On moral issues, Harper resists "litmus tests." As a Reform Party member in 1994, for example, Harper opposed his party's resolution against gay marriage. Harper opposes same-sex marriage but says a political party should permit its members greater freedom. "People have to be able to belong to political parties regardless of their views on [moral] issues."
"I'm in politics for the long haul," Harper said in an interview with CT. "Too many people expect victory at the next election. I want to build a party that can govern, not make a big show. The important thing is to gradually build trust through credible policies and honesty."
Day and Harper clashed repeatedly during the Canadian Alliance leadership campaign. Harper accused Day of seeking votes from churches, prolife Christians, and other special interests. Day then blasted Harper's "hypocrisy" for accepting the support of the Calgary-based Concerned Christian Coalition. The group said it would contact 4,000 churches on Harper's behalf.
Harper chided Day in the news media, saying, "This race is not about religion.
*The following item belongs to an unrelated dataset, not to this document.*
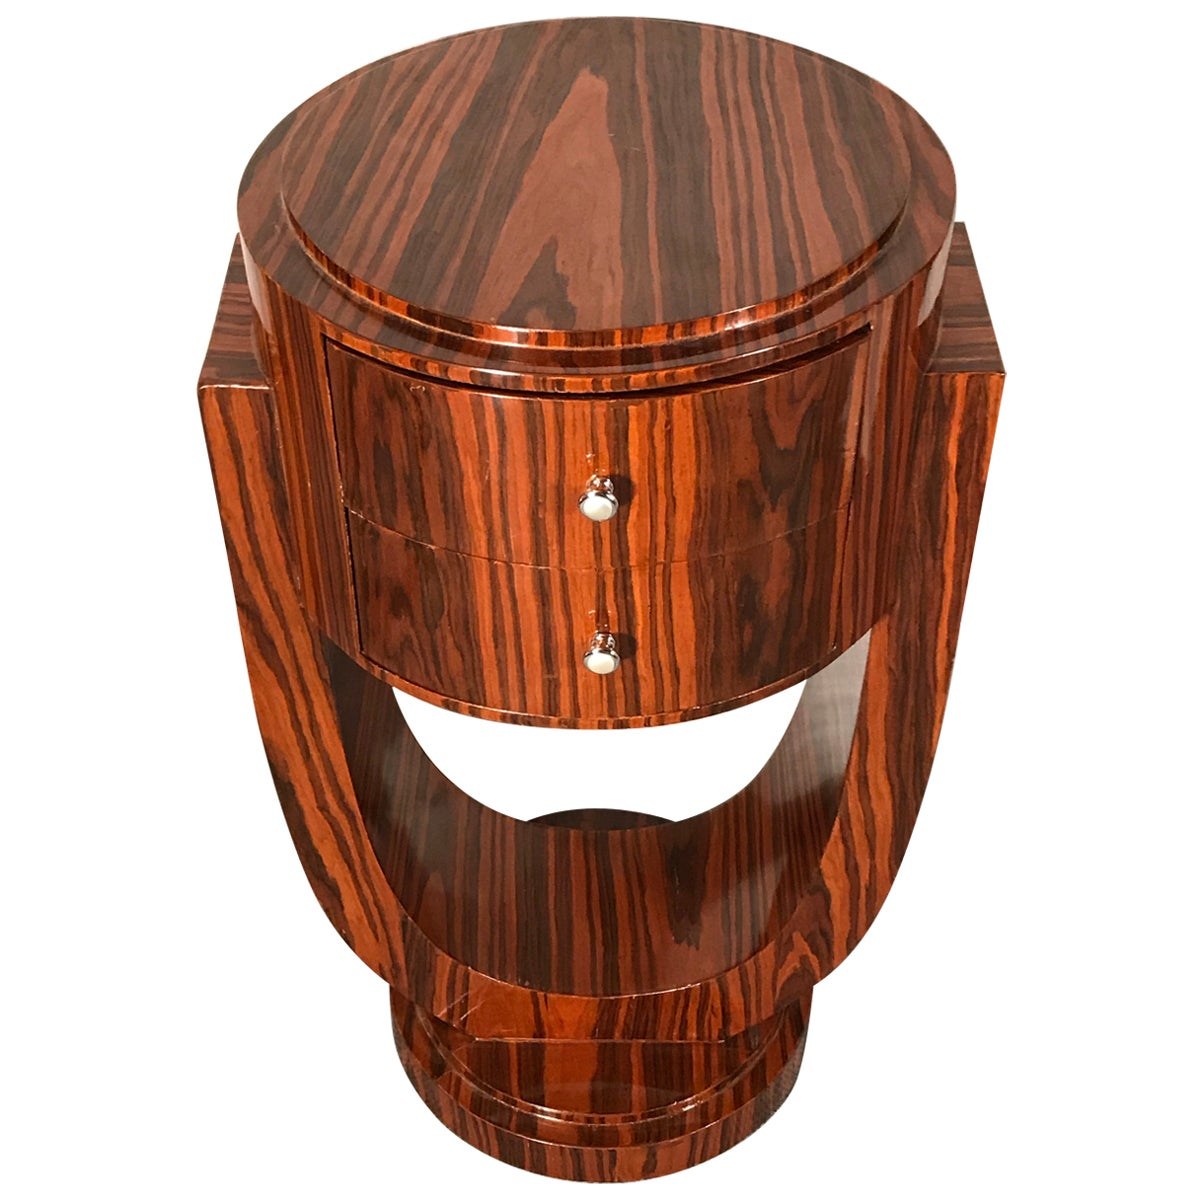 Art Deco Side Table, France 1920-1930, Makassar Ebony Wood Veneer

It's about choosing a leader for this party, which is going to have a range of religious views in it."
Tom Flanagan, a political adviser to Harper, told Christianity Today, "Harper is a political strategist who has a real chance of influencing government policy and eventually becoming prime minister."
Copyright © 2002 Christianity Today. Click for reprint information.
Related Christianity Today articles include:
Evangelical Bungles Party Leadership, ResignsStockwell Day's Canadian Alliance party woes seen as leadership issue, not religious. (September 3, 2001)
A Velvet OppressionConservative Christians are not faring well in Canada's brave new secular society. (April 3, 2001)
Editorial: Bigotry Up NorthAn evangelical's faith generated shrill criticism in a nation known for its tolerance. (January 2, 2001)
Liberals Sweep Canadian ElectionsAfter a swift campaign of personal attacks, Canada settles in for a long winter of discontent. (Nov. 28, 2000)
Pentecostal Shakes up Canadian PoliticsStockwell Day, leader of Canadian Alliance, wins House of Commons seat. (Sept. 9, 2000)
Confronting Canada's Secular Slide (July 19, 1994)
Learn more about religion in Canada from the Evangelical Fellowship of Canada.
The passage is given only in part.